◆ What is required ◆
From the listing below, output the lines between the one with "CrazyTheGod Winner D22" and the one with "ipar yg jahat", including those two, and nothing else. Pictures are not copied.

--- Data section Enclosed Below ---

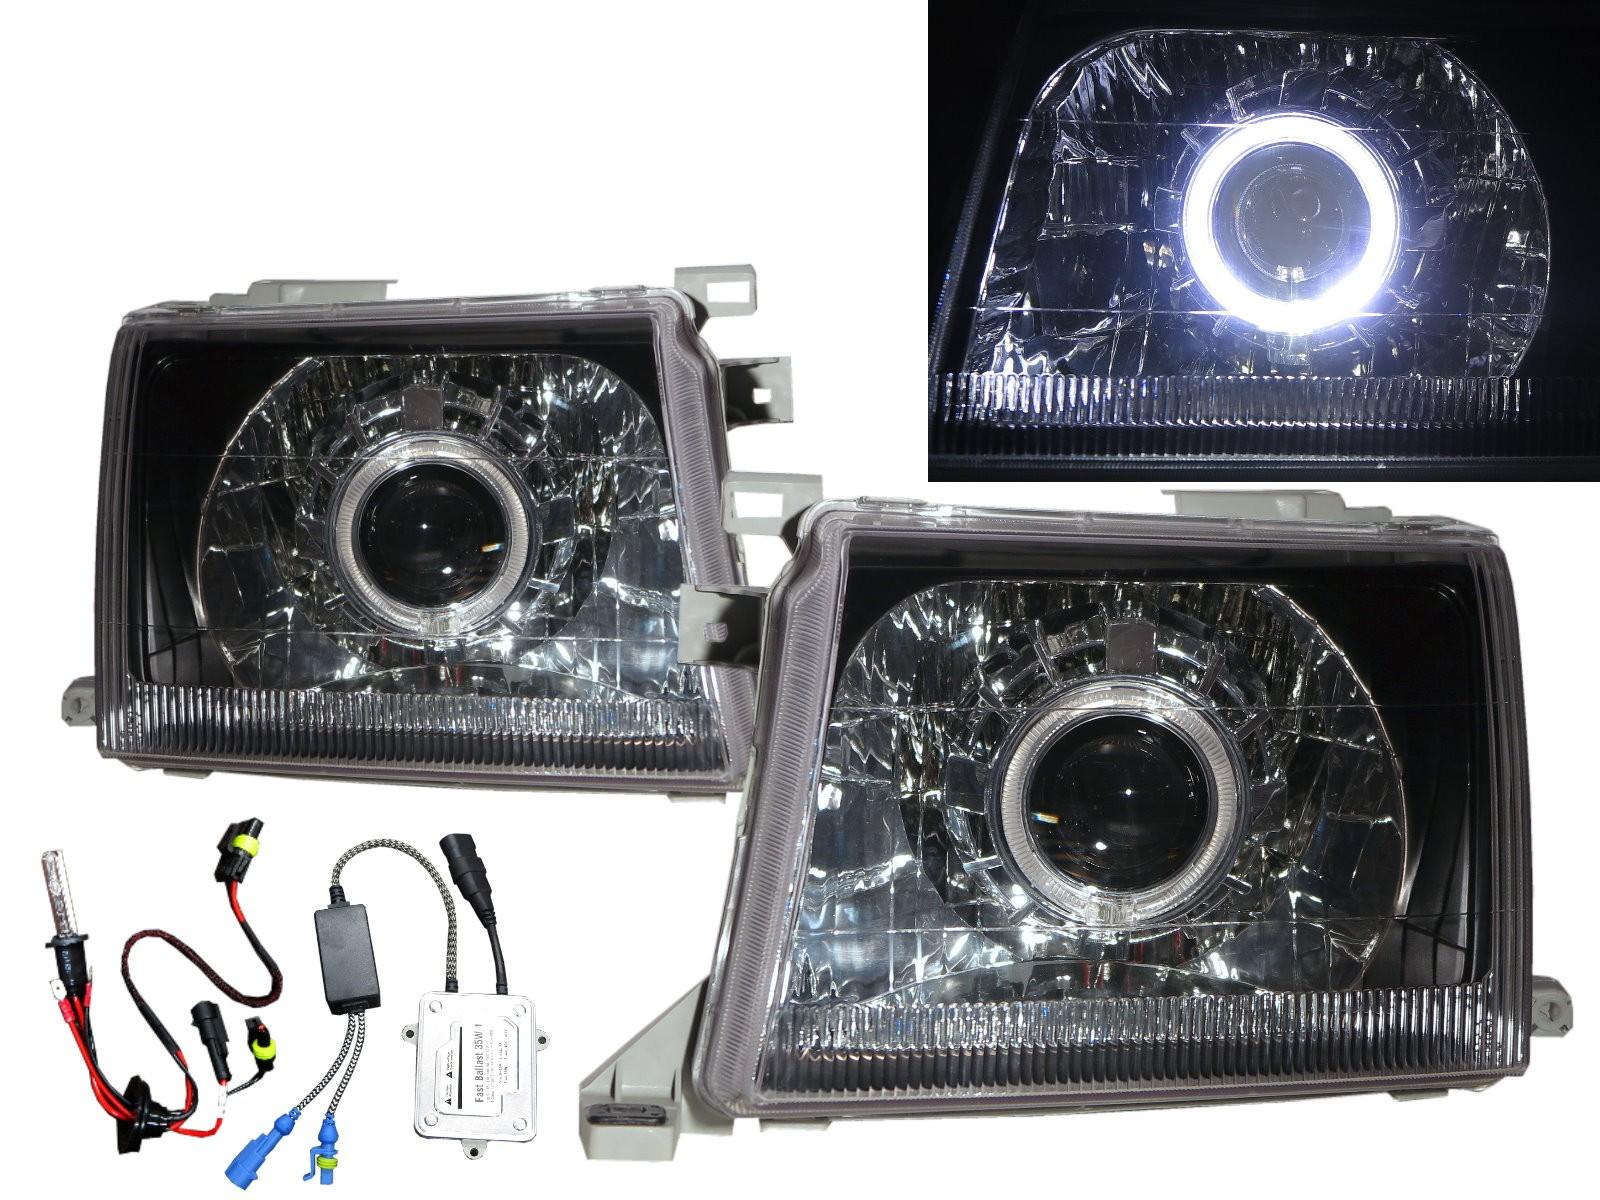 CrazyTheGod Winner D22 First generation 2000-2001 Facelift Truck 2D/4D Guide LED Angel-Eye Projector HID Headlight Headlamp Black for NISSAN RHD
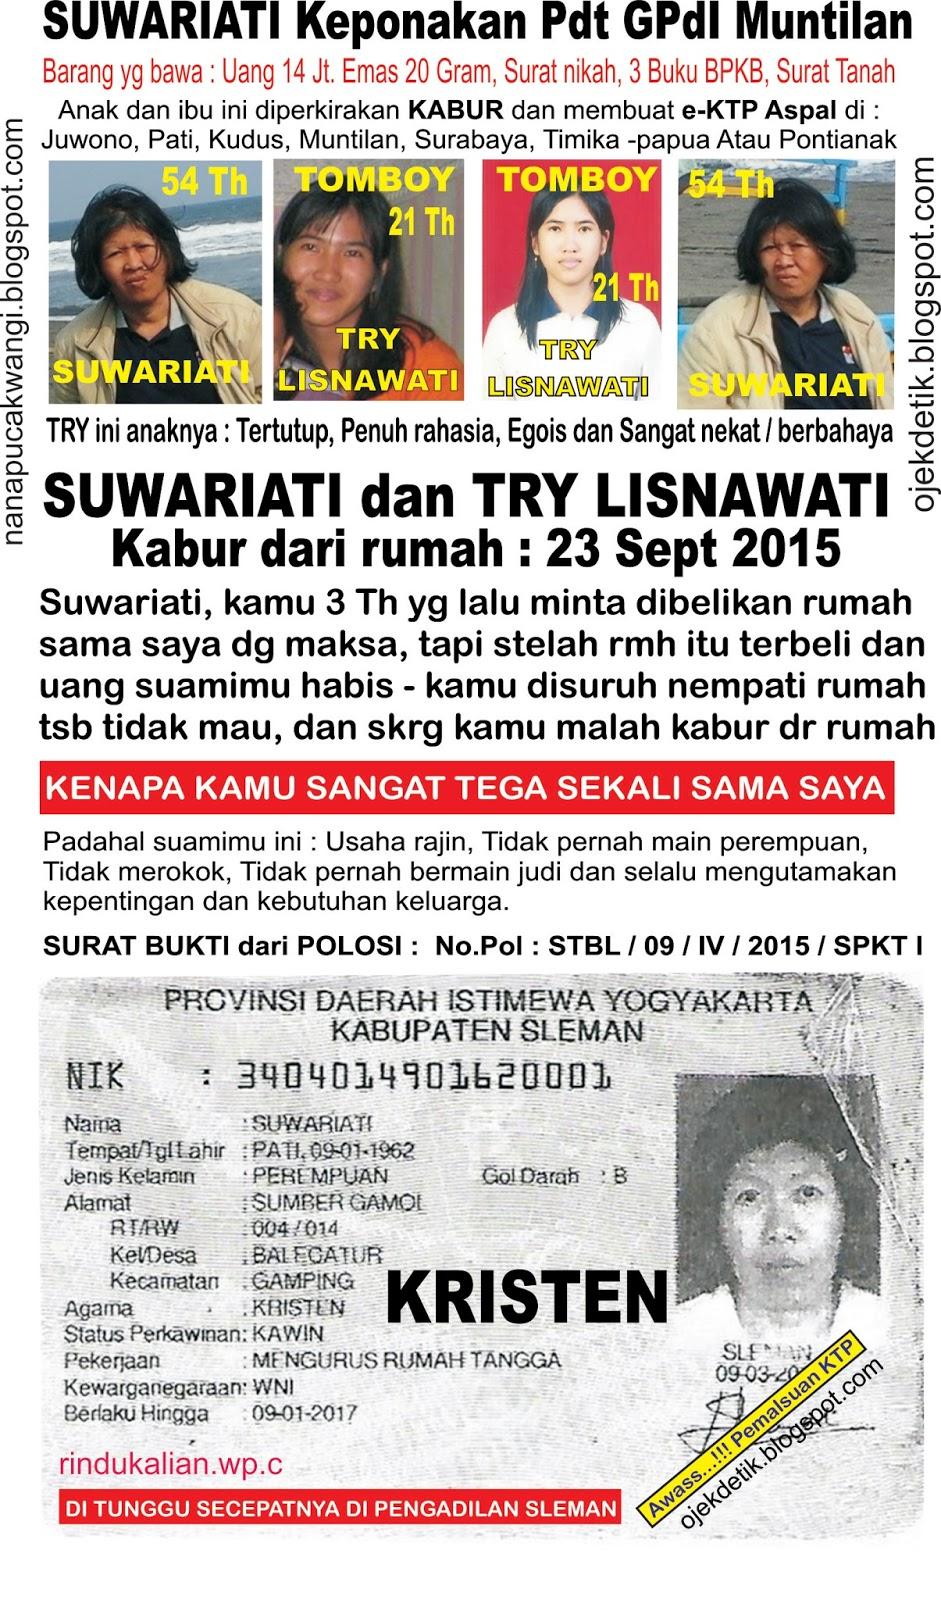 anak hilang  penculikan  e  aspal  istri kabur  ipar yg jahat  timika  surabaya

--- End of Enclosed Data section ---
--- Data section Enclosed Below ---

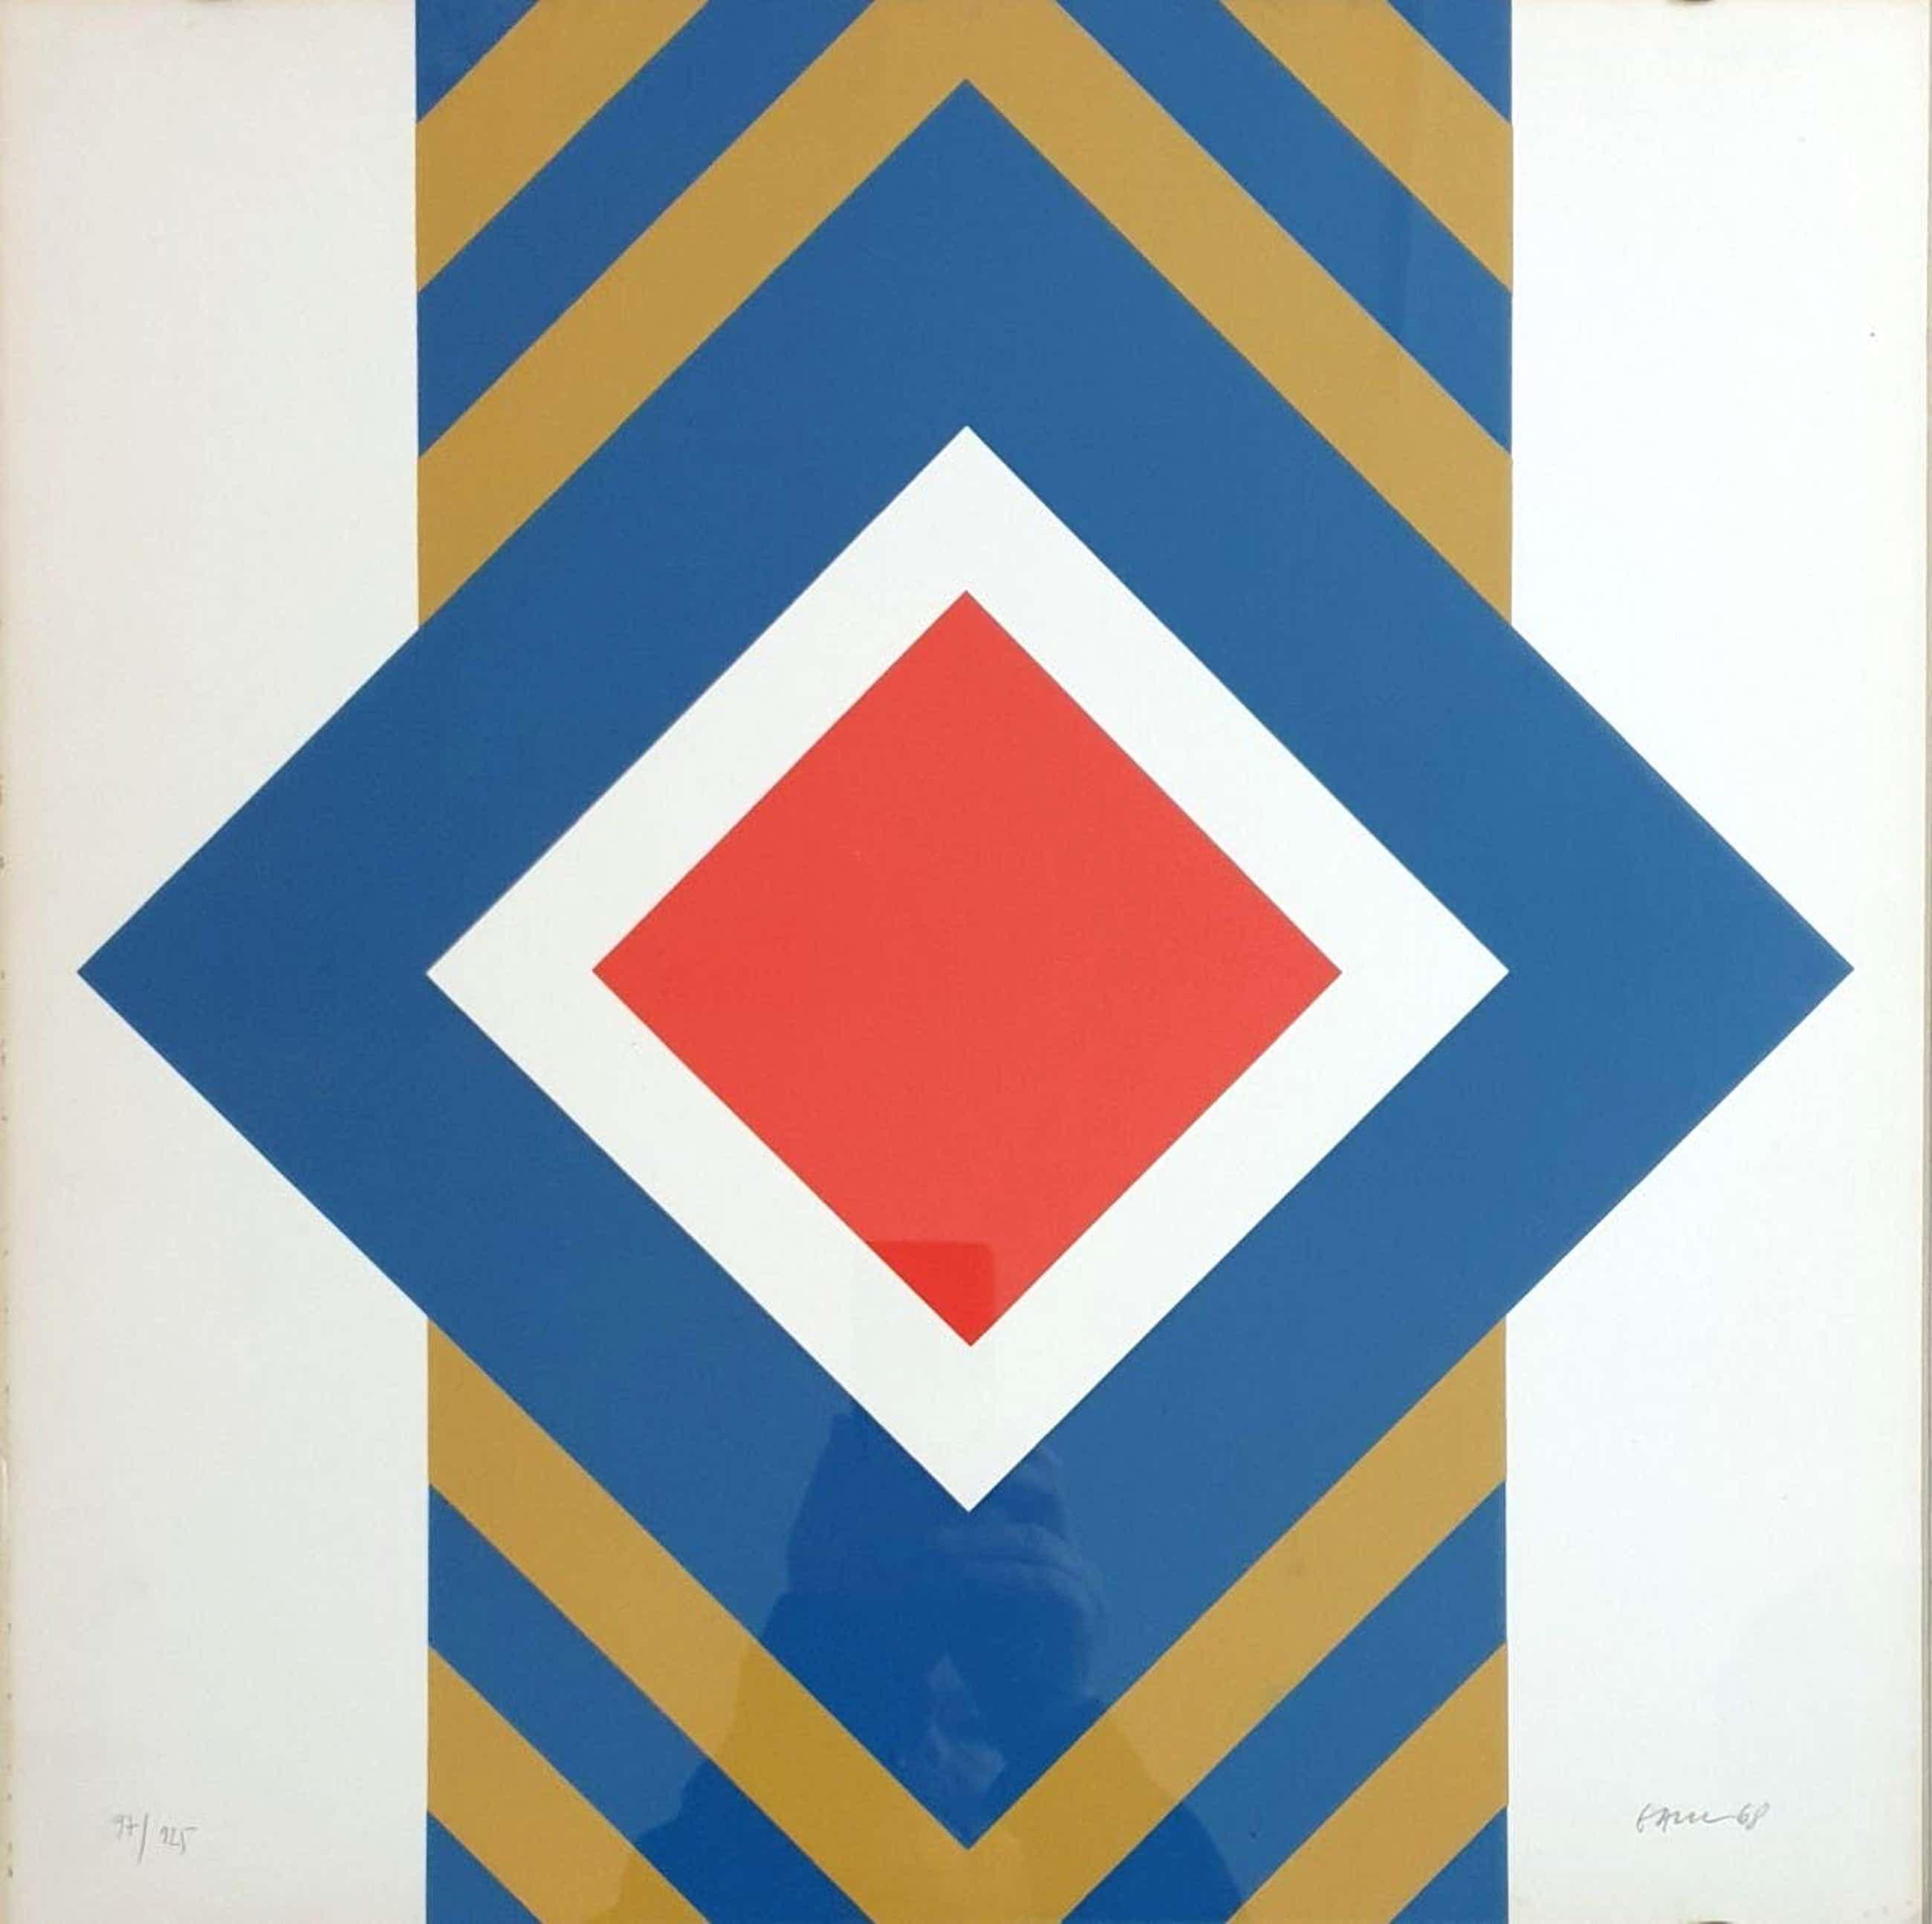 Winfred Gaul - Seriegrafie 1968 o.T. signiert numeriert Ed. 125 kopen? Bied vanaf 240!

--- End of Enclosed Data section ---

◆ Your response ◆
 CrazyTheGod Winner D22 First generation 2000-2001 Facelift Truck 2D/4D Guide LED Angel-Eye Projector HID Headlight Headlamp Black for NISSAN RHD
 anak hilang  penculikan  e  aspal  istri kabur  ipar yg jahat  timika  surabaya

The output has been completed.